Things I want to do in 2007
--Become a better writer (this always stays on the list)
--Sell another movie
--Write two more spec scripts (or scripts for hire, let's count those too)
--Get hired to do an adaptation (book or graphic novel)
--Get something shown on TV
--Do more insightful, informative blog posts.
I feel so lucky, it's been a crazy ride this year. I've learned so much, I look back on stuff I wrote a year ago and wonder what I was thinking, why didn't I do this instead of that. And I know I'll do the same thing a year from now. You're always learning, always evolving, always picking up new tricks. So it would be great to sell some more stuff, just to keep working, keep myself in the game, but mainly to see my work on screen again. It's addictive. 2006 has been fucking great, and I can't even imagine what 2007 might bring. Hopefully a naked romp with some celebs, and a mattress stuffed with cash. And yes, I need to do more of the Q+A type blog posts. I've got some lined up, proper ones, including a possible guest appearance which will be great if I can swing it. Watch this space.

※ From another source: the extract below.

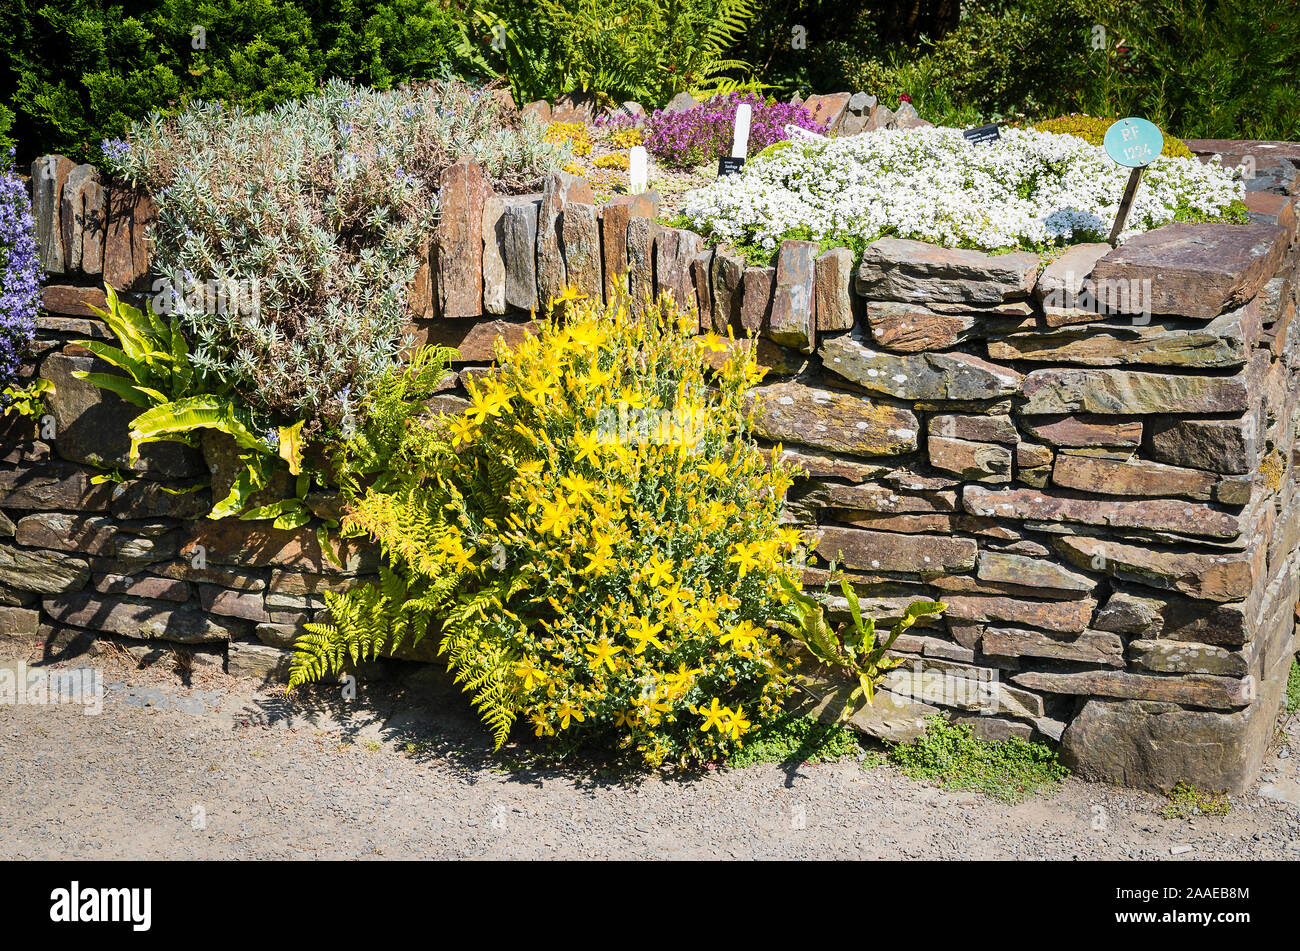 A dwarf form of Hypericum olympicum growing from the crevices of a dry stone wall with top planting of alpine plants in Rosemoor gardens, Devon, UK Stock Photo

Probably won't blog again now until January, as I've got a rewrite of Curfew, half a spec feature, and an outline for the TV episode to do in the next couple of weeks, in between orgies of food and drink. Good luck to everyone out there for next year, and I hope that during this festive time, you all get even half as drunk as I'm going to. Wahey! Have a good one, and keep on trucking, or writing, or whatever tickles your fancy.